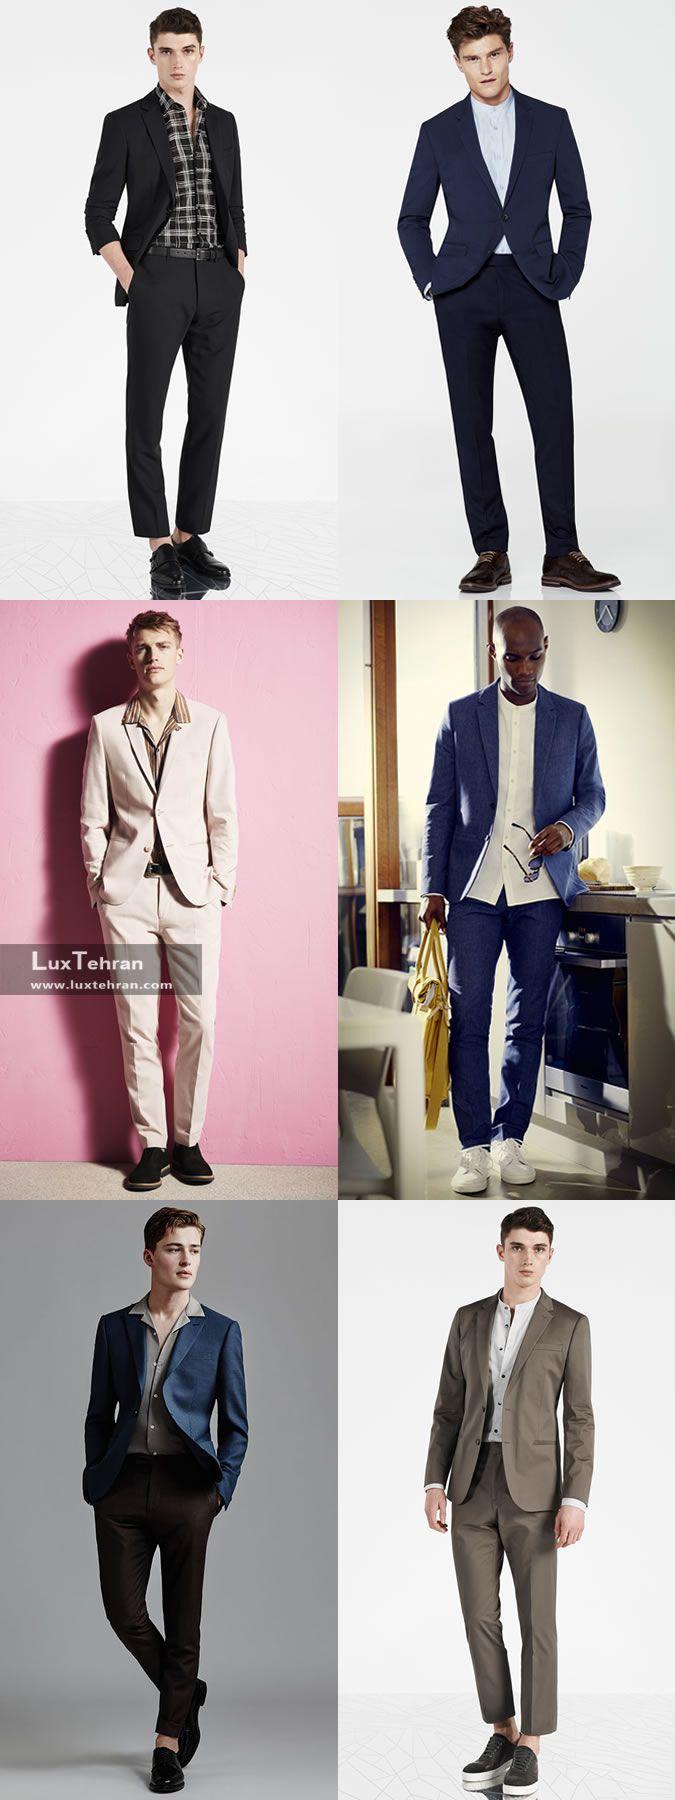 پیشنهاد ست لباس مردانه تابستانه
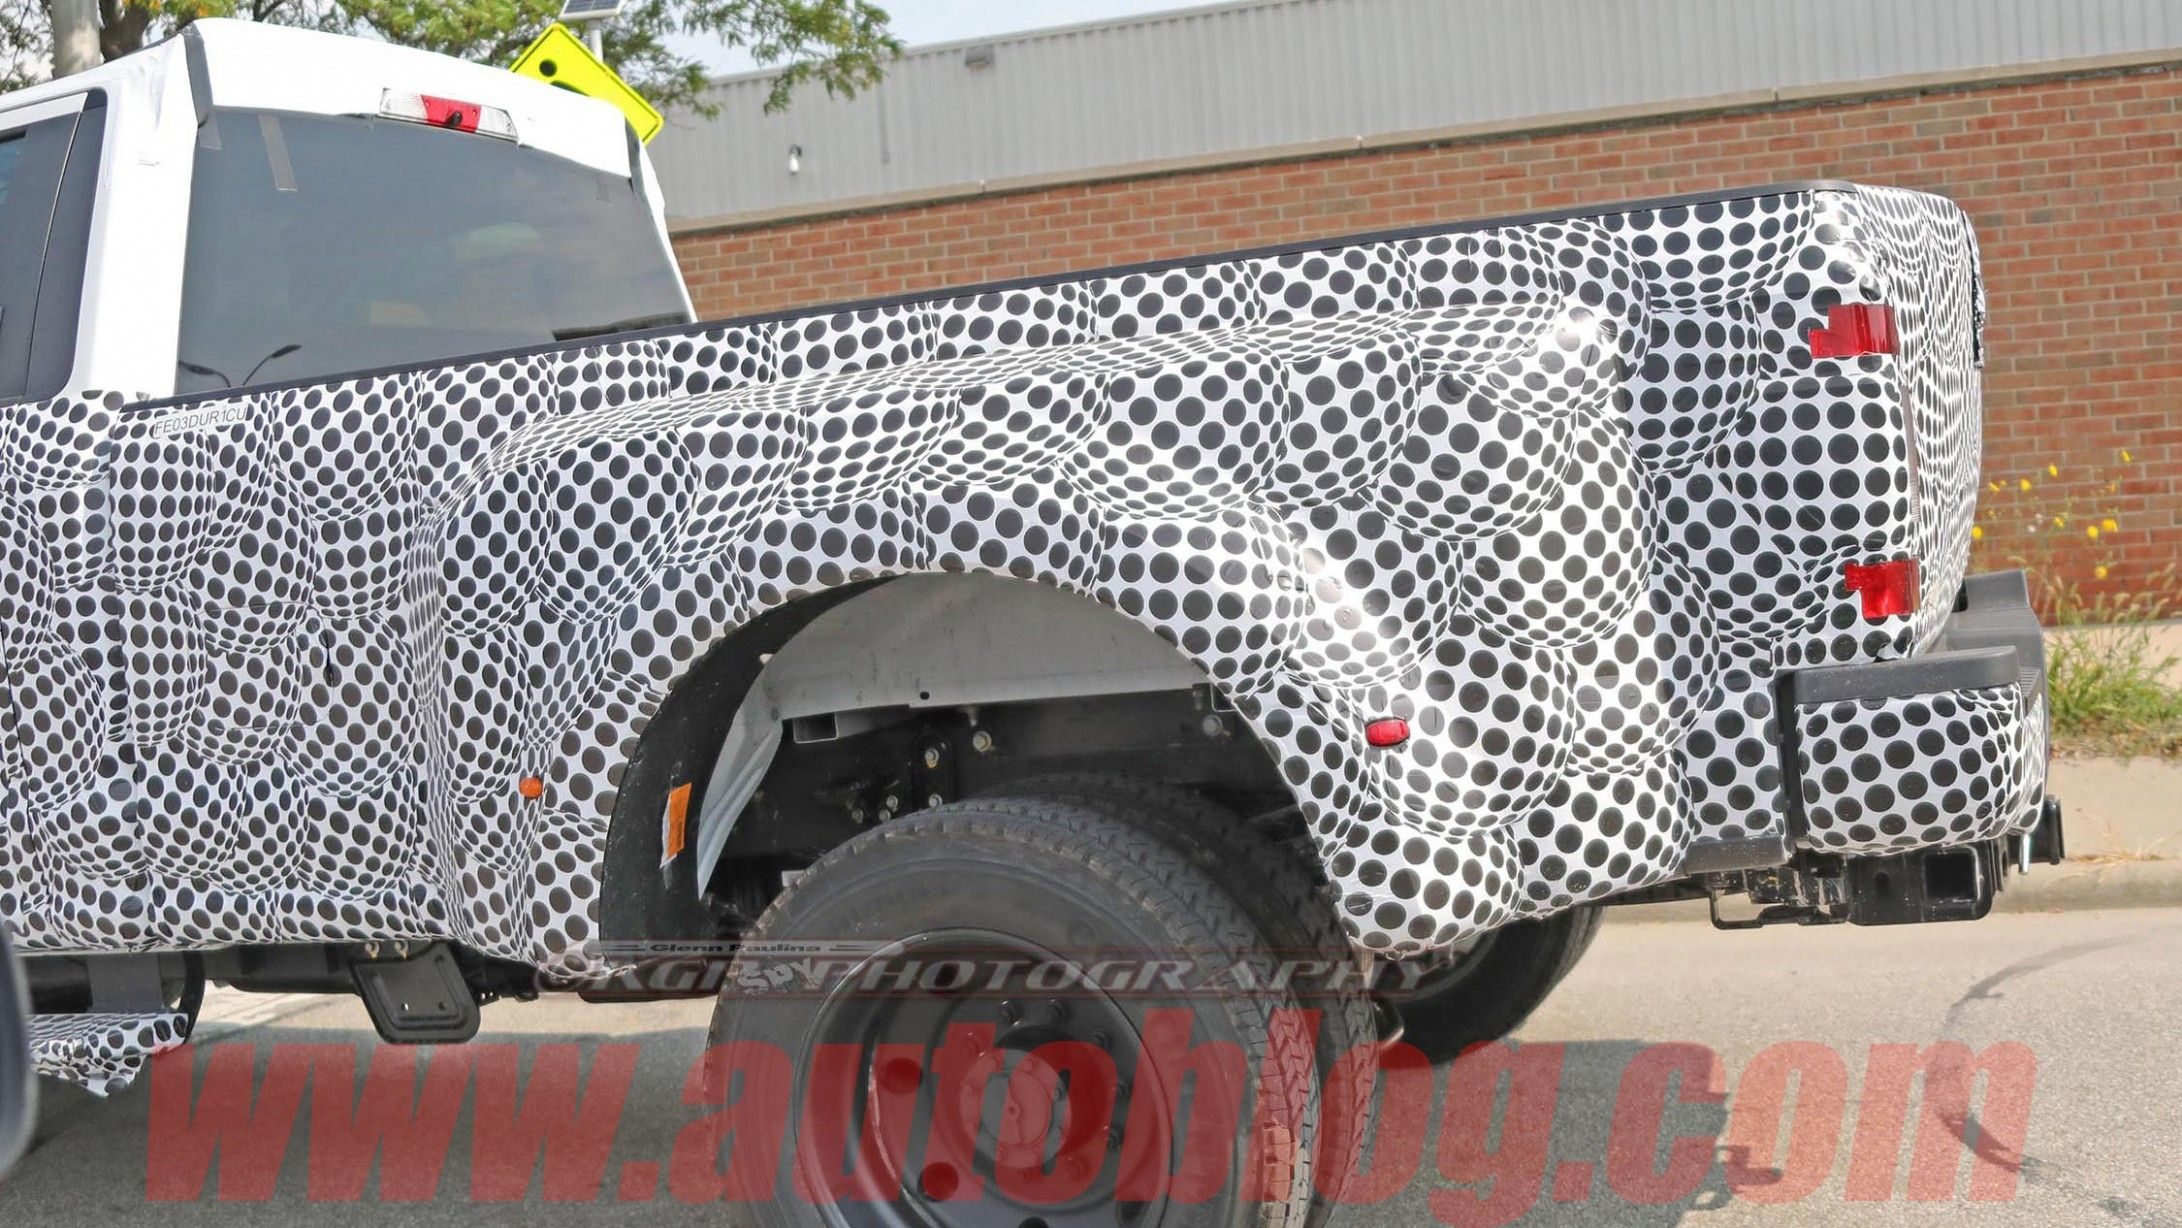 2020 Spy Shots Ford F350 Diesel Concept And (Dengan gambar)
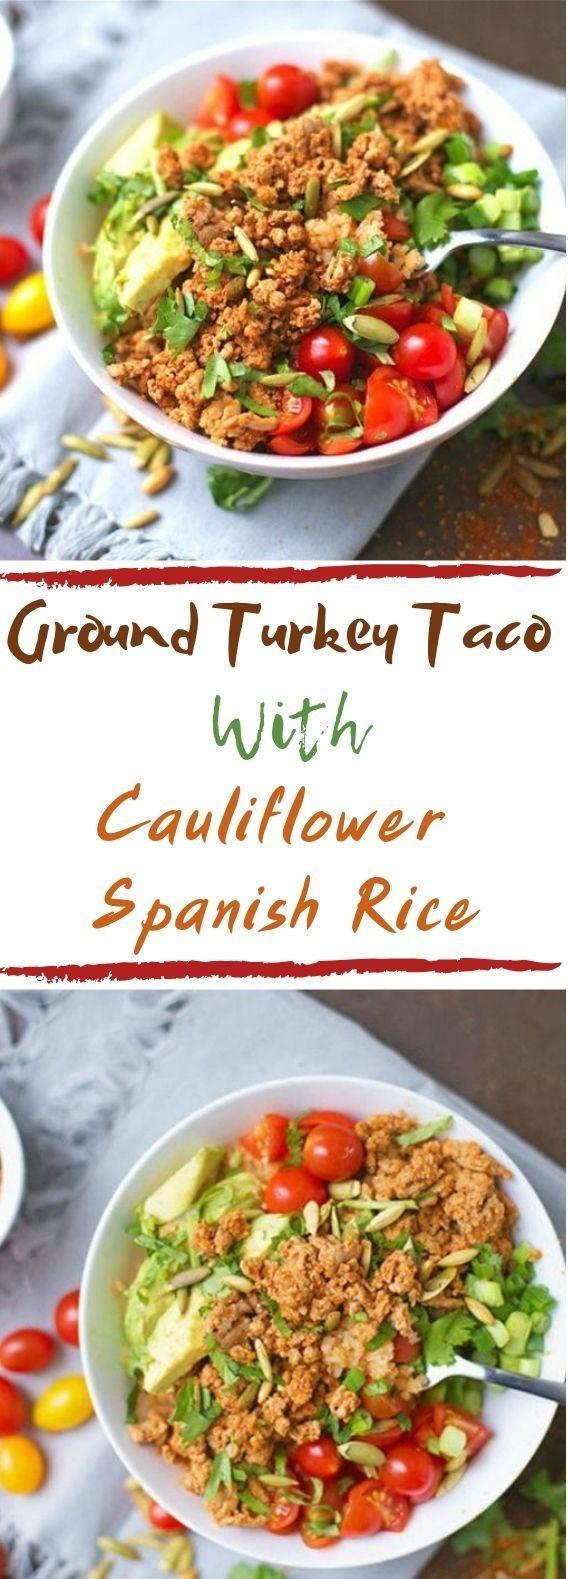 Ground Turkey Taco Bowls With Cauliflower Spanish Rice #healthy #lowcarb   - Hea...   - Rice Recipes - #Bowls #Cauliflower #Ground #Hea #HEALTHY #LowCarb #Recipes #Rice #Spanish #Taco #turkey #groundturkeytacos
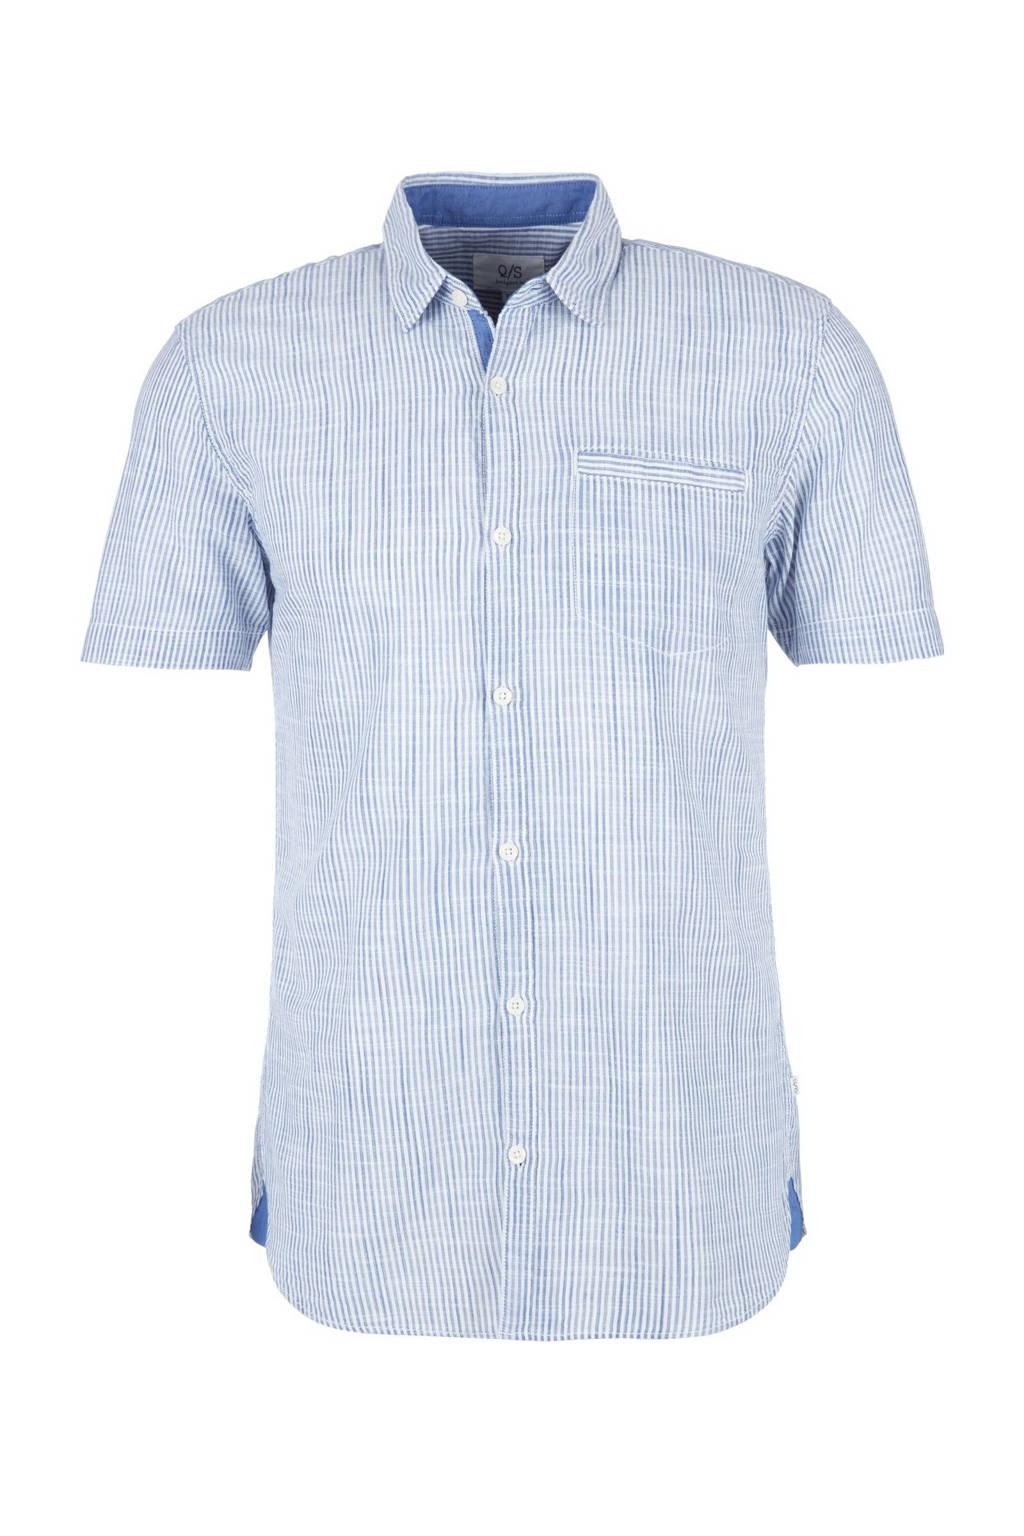 Q/S designed by gestreept regular fit overhemd blauw/wit, Blauw/wit

### TASK REQUIREMENTS
Exactly those lines that run from the line holding "2020 Spy Shots" to the end of the listing above, both included, are to be reproduced, with pictures left out.

### ANSWER SECTION
 2020 Spy Shots Ford F350 Diesel Concept And (Dengan gambar)
 Ground Turkey Taco Bowls With Cauliflower Spanish Rice #healthy #lowcarb   - Hea...   - Rice Recipes - #Bowls #Cauliflower #Ground #Hea #HEALTHY #LowCarb #Recipes #Rice #Spanish #Taco #turkey #groundturkeytacos
 Q/S designed by gestreept regular fit overhemd blauw/wit, Blauw/wit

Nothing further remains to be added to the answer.